Using the thread pool effectively is closely linked with knowing what you need from your threads. If you need a guarantee of service, you'll need to manage it yourself. For most cases, using the pool will provide you with the optimal performance. If you have hard restrictions and need tight control of your threads, it probably makes more sense to use native threads anyway, so be wary about handling managed threads yourself. If you do decide to write managed code and handle the threading on your own, make sure that you don't spawn threads on a per-connection basis: this will only hurt performance. As a rule of thumb, you should only choose to handle threads yourself in the managed world in very specific scenarios where there is a large, time-consuming task that is done rarely. One example might be filling a large cache in the background, or writing out a large file to disk.

Tuning for Speed

The thread pool sets a limit on how many threads should be active, and if many of them block then the pool will starve. Ideally, you should use the thread pool for short-lived, non-blocking threads. In server applications, you want to answer each request quickly and efficiently. If you spin up a new thread for every request, you deal with a lot of overhead. The solution is to recycle your threads, taking care to clean up and return the state of every thread upon completion. These are the scenarios were the thread pool is a major performance and design win, and where you should make good use of the technology. The thread pool handles the state cleanup for you, and makes sure the optimal number of threads are in use at a given time. In other situations, it may make more sense to handle threading on your own.
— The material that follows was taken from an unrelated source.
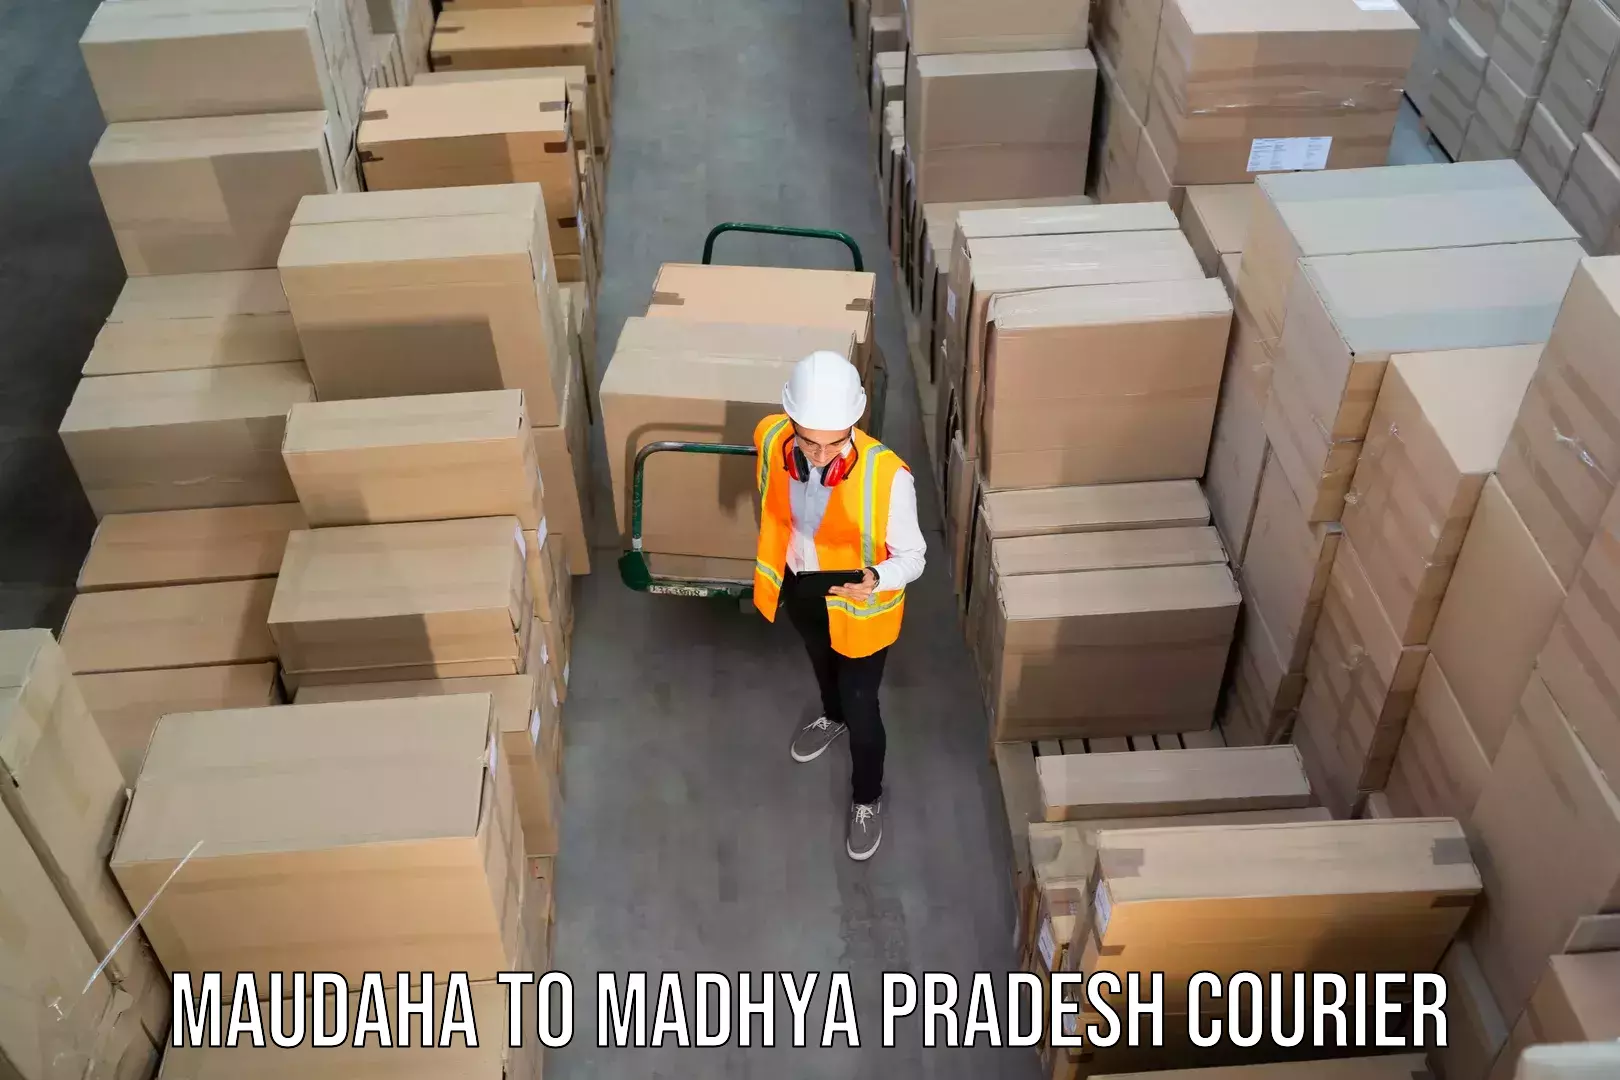 24/7 courier service Maudaha to Jhabua

While the CLR can use type-safety to make guarantees about processes to ensure that AppDomains can share the same process, no such guarantee exists with threads. The programmer is responsible for writing well-behaved threads, and all your knowledge from native code still applies.

Below we have an example of a simple application that takes advantage of the thread pool. It creates a bunch of worker threads, and then has them perform a simple task before closing them. I've taken out some error-checking, but this is the same code that can be found in the Framework SDK folder under "Samples\Threading\Threadpool". In this example we have some code that creates a simple work item, and uses the threadpool to have multiple threads handle these items without the programmer having to manage them. Check out the ReadMe.html file for more information.

using System;
using System.Threading;

public class SomeState{
  public int Cookie;
  public SomeState(int iCookie){
    Cookie = iCookie;
  }
};


public class Alpha{
  public int [] HashCount;
  public ManualResetEvent eventX;
  public static int iCount = 0;
  public static int iMaxCount = 0;
  public Alpha(int MaxCount) {
    HashCount = new int[30];
    iMaxCount = MaxCount;
  }


   //   The method that will be called when the Work Item is serviced
   //   on the Thread Pool
   public void Beta(Object state){
     Console.WriteLine(" {0} {1} :", 
               Thread.CurrentThread.GetHashCode(), ((SomeState)state).Cookie);
     Interlocked.Increment(ref HashCount[Thread.CurrentThread.GetHashCode()]);

     //   Do some busy work
     int iX = 10000;
     while (iX > 0){ iX--;}
     if (Interlocked.Increment(ref iCount) == iMaxCount) {
       Console.WriteLine("Setting EventX ");
       eventX.Set();
     }
  }
};

public class SimplePool{
  public static int Main(String[] args)   {
    Console.WriteLine("Thread Simple Thread Pool Sample");
    int MaxCount = 1000;
    ManualResetEvent eventX = new ManualResetEvent(false);
    Console.WriteLine("Queuing {0} items to Thread Pool", MaxCount);
    Alpha oAlpha = new Alpha(MaxCount);
    oAlpha.eventX = eventX;
    Console.WriteLine("Queue to Thread Pool 0");
    ThreadPool.QueueUserWorkItem(new WaitCallback(oAlpha.Beta),new SomeState(0));
       for (int iItem=1;iItem < MaxCount;iItem++){
         Console.WriteLine("Queue to Thread Pool {0}", iItem);
         ThreadPool.QueueUserWorkItem(new WaitCallback(oAlpha.Beta),
                                   new SomeState(iItem));
       }
    Console.WriteLine("Waiting for Thread Pool to drain");
    eventX.WaitOne(Timeout.Infinite,true);
    Console.WriteLine("Thread Pool has been drained (Event fired)");
    Console.WriteLine("Load across threads");
    for(int iIndex=0;iIndex<oAlpha.HashCount.Length;iIndex++)
      Console.WriteLine("{0} {1}", iIndex, oAlpha.HashCount[iIndex]);
    }
    return 0;
  }
}

The JIT

The Basics

As with any VM, the CLR needs a way to compile the intermediate language down to native code. When you compile a program to run in the CLR, your compiler takes your source from a high-level language down to a combination of MSIL (Microsoft Intermediate Language) and metadata. These are merged into a PE file, which can then be executed on any CLR-capable machine. When you run this executable, the JIT starts compiling the IL down to native code, and executing that code on the real machine. This is done on a per-method basis, so the delay for JITing is only as long as needed for the code you want to run.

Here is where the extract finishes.